Some investors might point to the vagaries of trading around OPEC statements, especially considering the scarce details and the body’s not-so-good track record of keeping its words.

However, with the help of our Zacks Stock Screener, one can locate stocks with green shoots. In particular, we have shortlisted 5 companies that have gone up an impressive 25% or more over the past 3 months (or the Jul-Sep quarter), and have a Zacks Rank #1 (Strong Buy) or #2 (Buy).
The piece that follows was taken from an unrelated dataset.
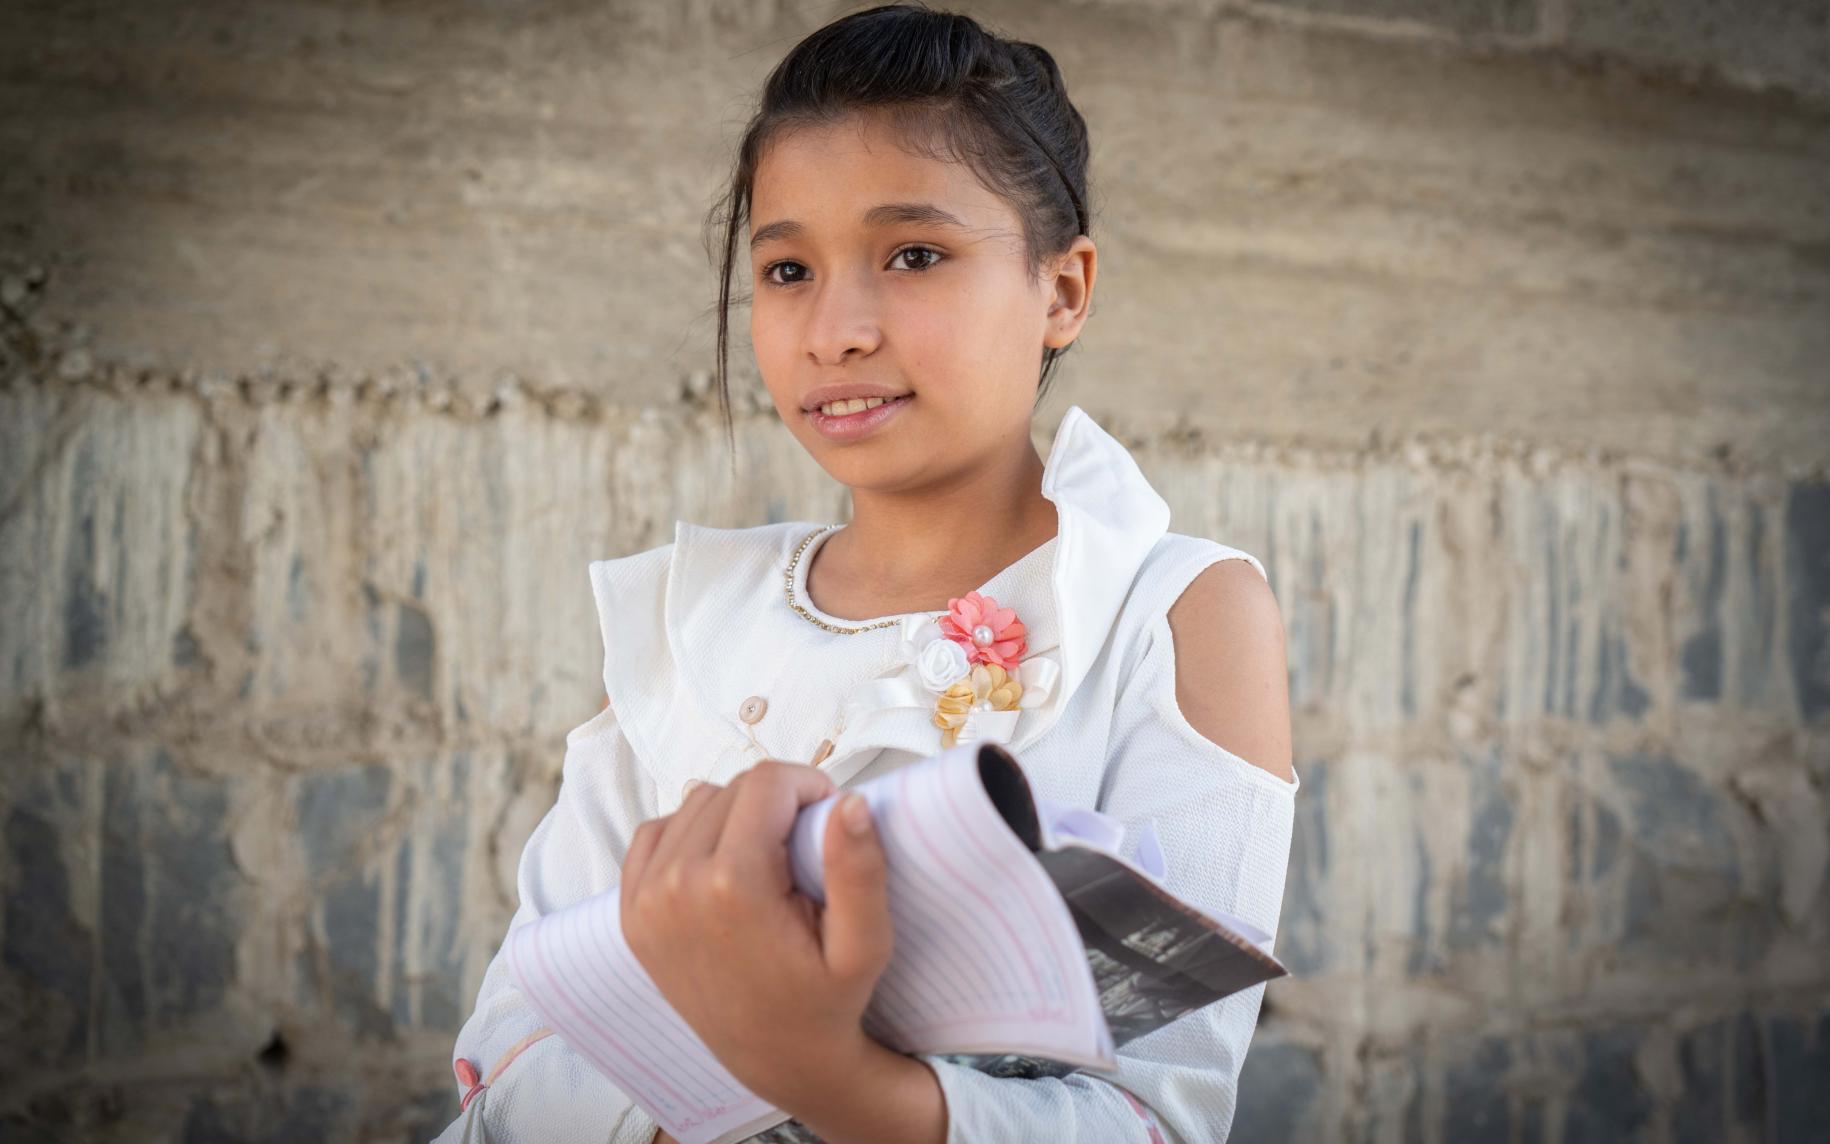 12-year-old Amina looks off the camera as she proudly holds her notebook.

You can see the complete list of today’s Zacks #1 Rank (Strong Buy) stocks here.

During the third quarter, the S&P 500 energy sector – represented by the ‘Energy Select Sector SPDR ETF (XLE - ETF report) – posted a gain of 3.55%. The broad-based Dow Jones Industrial Average and the S&P 500 index gained just 2.00% and 3.11%, respectively, over the same period.
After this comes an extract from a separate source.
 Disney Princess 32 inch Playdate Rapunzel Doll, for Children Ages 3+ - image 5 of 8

Finally, the chosen ones have VGM Score less than or equal to B. Here V stands for Value, G for Growth and M for Momentum and the score is a weighted combination of these three scores. Such a score allows you to eliminate the negative aspects of stocks and select winners. However, it is important to keep in mind that each Style Score will carry a different weight while arriving at a VGM score.
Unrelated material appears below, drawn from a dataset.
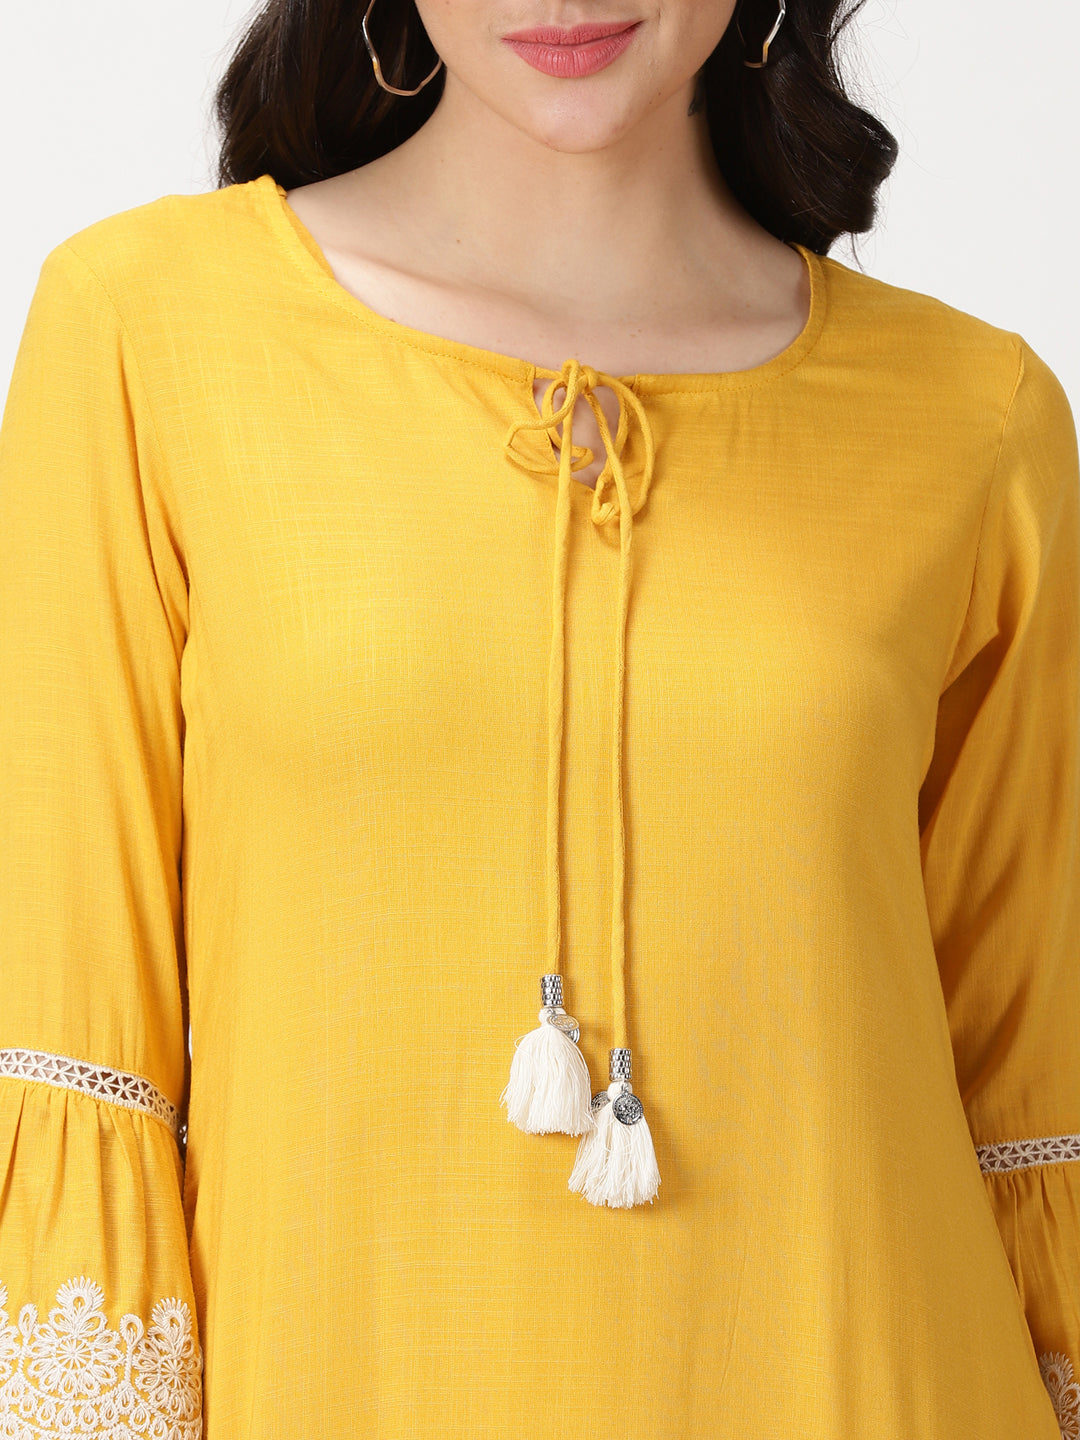 Yellow Solid Midi Dress with Lace Embroidered Details

Our research shows that stocks with a VGM Score of ‘A’ or ‘B’ when combined with a Zacks Rank #1 or #2 offer the best upside potential.

5 Stocks to Invest In

Evolution Petroleum Corp. (EPM - Snapshot Report) : Formed in Sep 2003, Evolution Petroleum is a Houston, TX based exploration and production company that develops reserves through the application of conventional and specialized technology to domestic onshore oil and gas resources.

Zacks Rank: #1

VGM Score: ‘A’

% Price Change (12 Weeks): +15.23%

Ultra Petroleum Corp. (UPLMQ - Analyst Report) : Houston, Texas-based Ultra Petroleum is an independent energy firm engaged in the acquisition, development, exploration and production of oil and gas properties. The company’s operations are focused on the Green River Basin of southwest Wyoming, mainly covering the Pinedale and the Jonah fields.

Zacks Rank: #1

VGM Score: ‘B’

% Price Change (12 Weeks): +192.92%

Repsol S.A. – ADR (REPYY - Snapshot Report) : Repsol is Spain’s largest energy company, which is engaged in oil and gas exploration and production, refining and marketing of petroleum products, and other energy-related businesses.

Zacks Rank: #2

VGM Score: ‘B’

% Price Change (12 Weeks): +9.54%

Tullow Oil plc (TUWOY - Snapshot Report) : Headquartered in London, U.K., Tullow Oil is a European upstream player with main focus on Africa - Ghana, Uganda and Kenya. Additionally, the company holds licenses in the North Sea and South America.

Zacks Rank: #2

VGM Score: ‘B’

% Price Change (12 Weeks): +20.15%

Premier Oil plc (PMOIY - Snapshot Report) :One of the oldest exploration and production companies in Europe, Premier Oil has assets spread over Africa, Brazil, Falkland Islands, Pakistan, Southeast Asia and the North Sea.

Zacks Rank: #2

VGM Score: ‘B’

% Price Change (12 Weeks): +8.84%

Bottom Line

With energy prices picking up steam, this is the perfect time to indulge in these stocks to make sure your portfolio is perfectly oiled up! While we keep our fingers crossed for a profitable fourth quarter, let these hot bets with their strong ranks and price momentum spell magical returns for you.